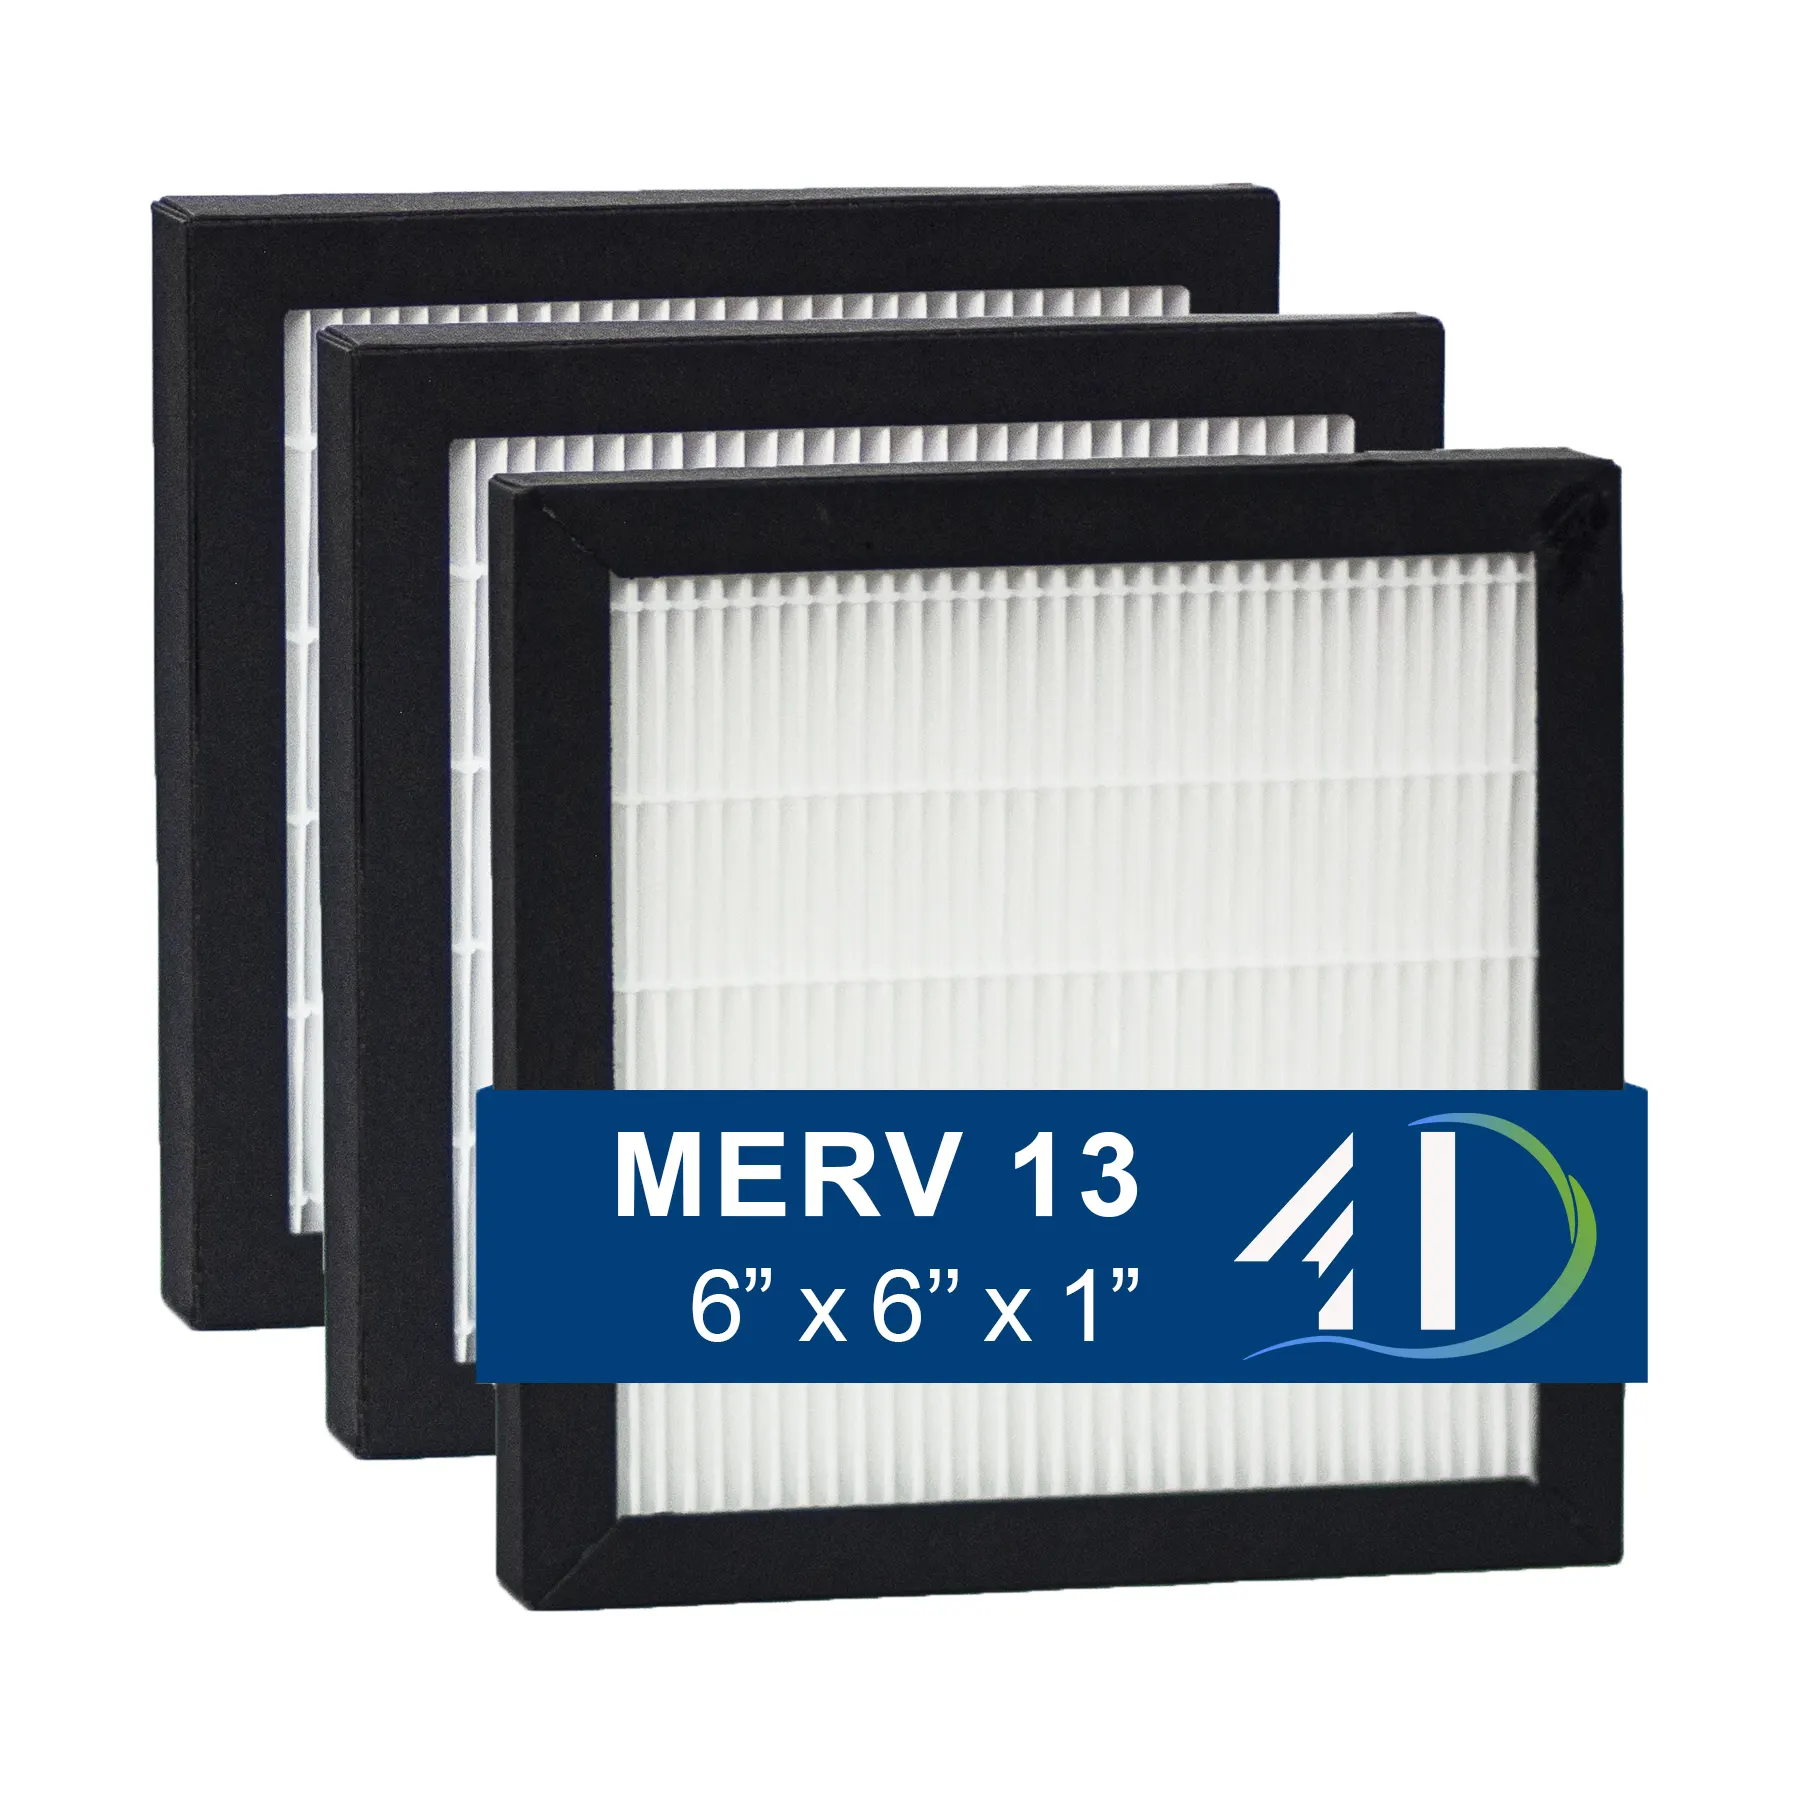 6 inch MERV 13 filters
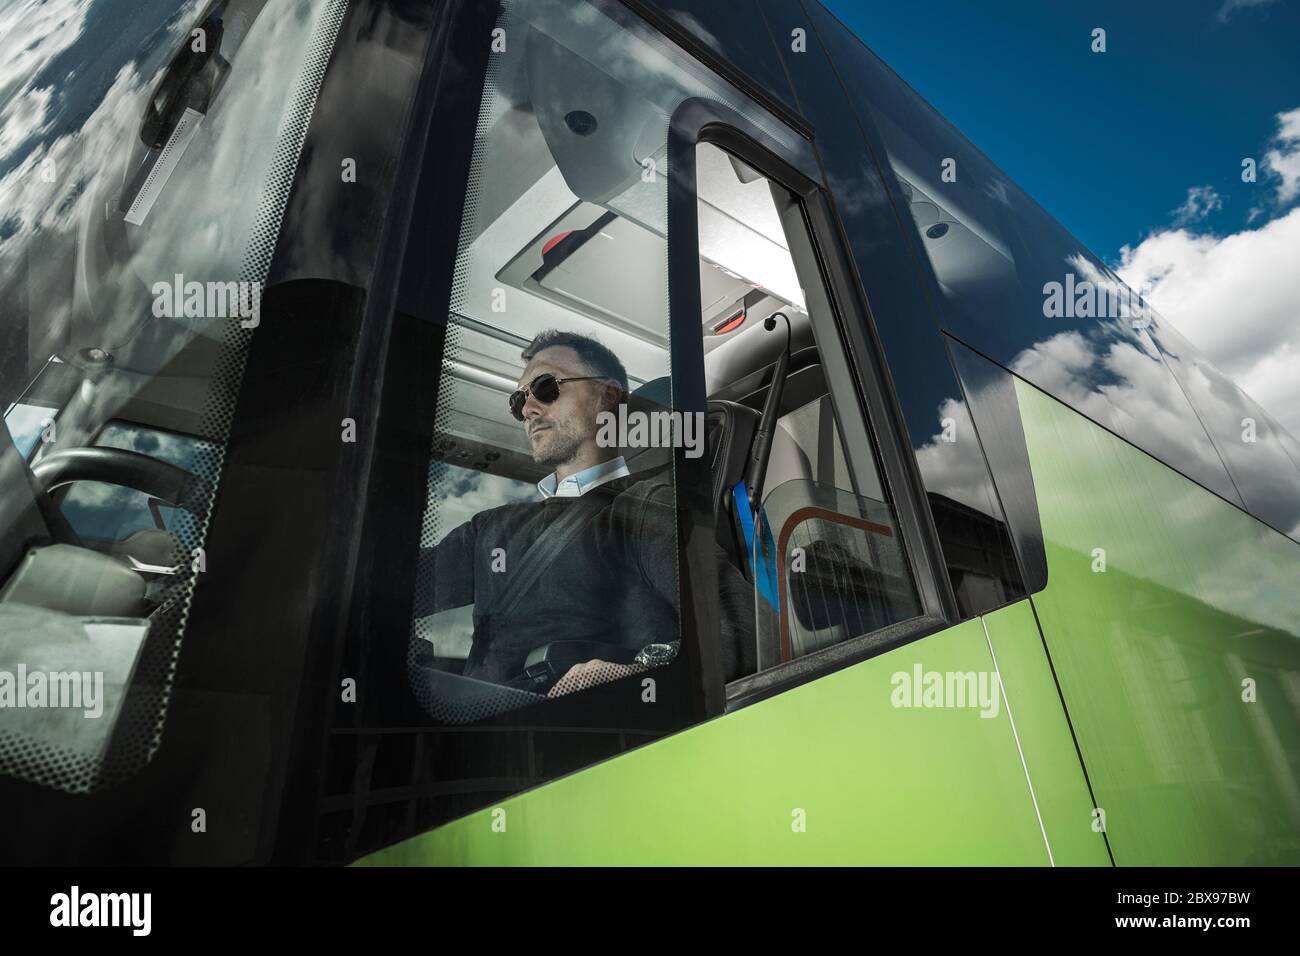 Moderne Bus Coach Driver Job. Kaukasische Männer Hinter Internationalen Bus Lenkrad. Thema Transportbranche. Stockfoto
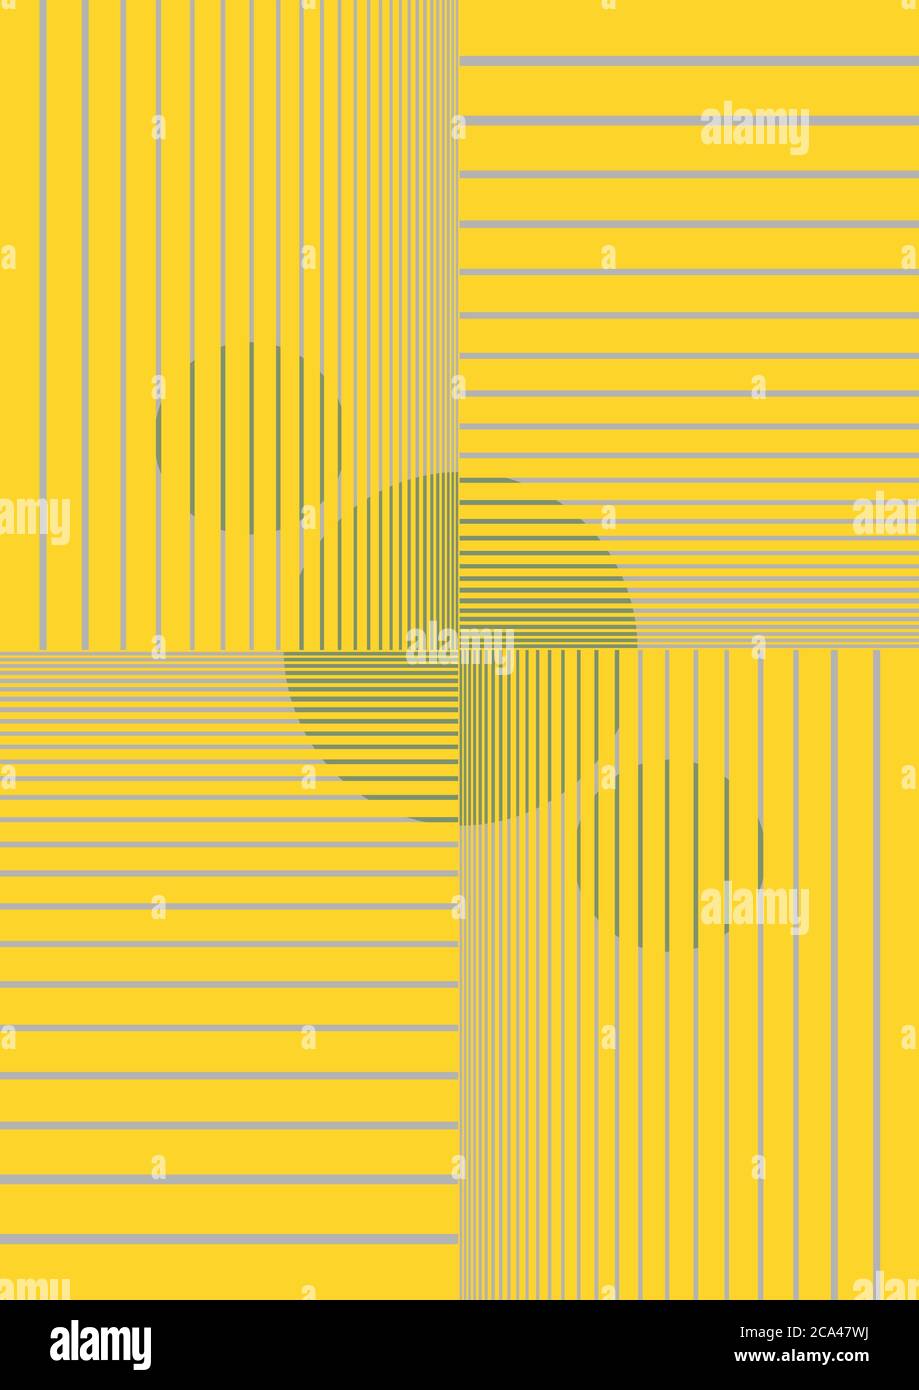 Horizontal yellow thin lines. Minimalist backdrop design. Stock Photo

#### EXERCISE AIM
Please repeat the listing precisely, excluding the pictures it contains.

#### TASK RESPONSE
 6 inch MERV 13 filters
 Moderne Bus Coach Driver Job. Kaukasische Männer Hinter Internationalen Bus Lenkrad. Thema Transportbranche. Stockfoto
 Horizontal yellow thin lines. Minimalist backdrop design. Stock Photo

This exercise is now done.